En effet le plaidoyer est le propre de l’action de la société civile alors qu’un Président est appelé à « décider », agir et à créer les conditions pour faire aboutir ses priorités. Pourtant, aucune lettre officielle réclamant l’établissement d’un TPIRDC n’a été soumise à ce jour par la RDC au Conseil de Sécurité des Nations Unies, aucune démarche diplomatique congolaise n’a été initiée pour travailler de concert avec un État membre du Conseil de Sécurité à l’élaboration d’une résolution pour trancher cette question.
Enfin, à l’occasion du lancement ce 2 août 2023 de la journée commémorative du génocide congolais, le Président a « encouragé le Parlement à prendre des lois visant à écarter les auteurs de crimes de l’accès aux responsabilités » affirmant que les vieilles recettes – lois d’amnistie ou intégration au sein des administrations publiques – consacrant l’impunité sont à oublier, exprimant son souhait de mettre fin à la politique immorale d’accorder des promotions à ceux qui devraient répondre de leurs actes devant la justice nationale et internationale.
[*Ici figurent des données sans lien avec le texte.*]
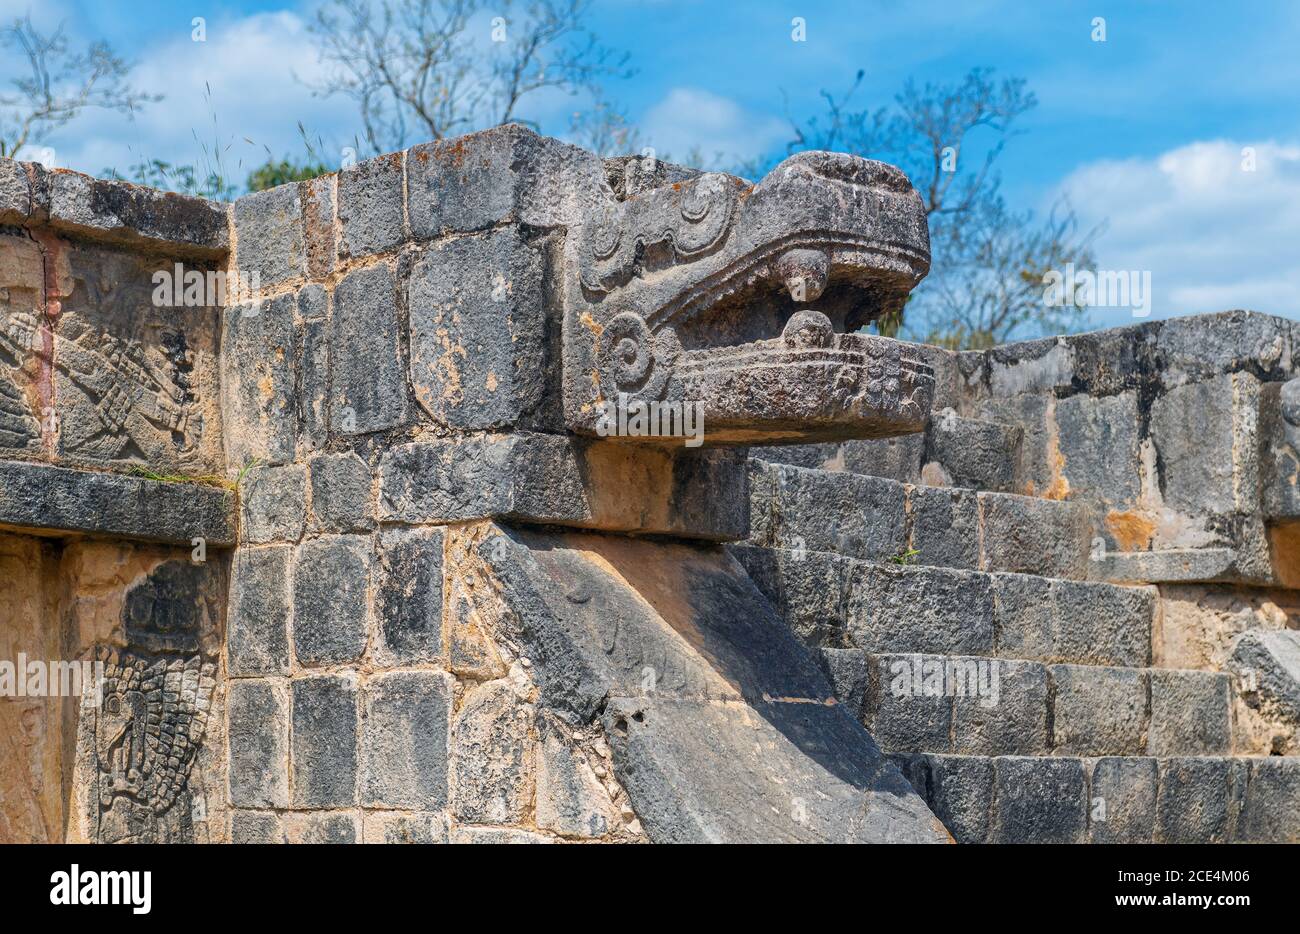 Escultura de piedra de la serpiente emplumada y dios Quetzalcoatl, deidad de la creación y la vida para la civilización azteca y maya, Chichen Itza, México. Foto de stock

En effet, le Chef de l’État ne semble pas saisir l’importance d’intégrer les réformes institutionnelles dans la mise en œuvre d’une stratégie nationale holistique de justice transitionnelle, alors que le lien le plus manifeste entre la justice transitionnelle et la réforme des institutions consiste précisément dans la mise en place d’une procédure d’assainissement (vetting) des agents de l’Etat.
De plus, le Président n’apparaît pas sensible au respect du principe de cohérence, lui qui a, entre autres, profité du dernier remaniement du gouvernement en mars 2023 pour nommer 2 ex-chefs de guerre au rang de Ministre et Vice-Premier Ministre, après avoir désigné, deux ans plus tôt, soit le 7 août 2021, un ancien cadre du Rassemblement Congolais pour la Démocratie et chef d’une milice, l’Alliance de Libération de l’Est du Congo (ALEC) proche du M23 et du Rwanda, au poste de coordinateur national du Programme National de Démobilisation, Désarmement, Relèvement communautaire et Stabilisation (PDDRC-SS).
C’est dans ce contexte que nous relançons notre plaidoyer pour garantir qu’à l’instar de tous les peuples martyrs de la barbarie humaine, les victimes des atrocités de masse commises depuis des décennies en RDC aient droit à une justice holistique, incluant la justice, la vérité, des réparations et des garanties de non répétition. Ce n’est que dans ces conditions que l’on pourra parler de réconciliation et parachever la transition de la dictature à la démocratie et de la guerre à la paix.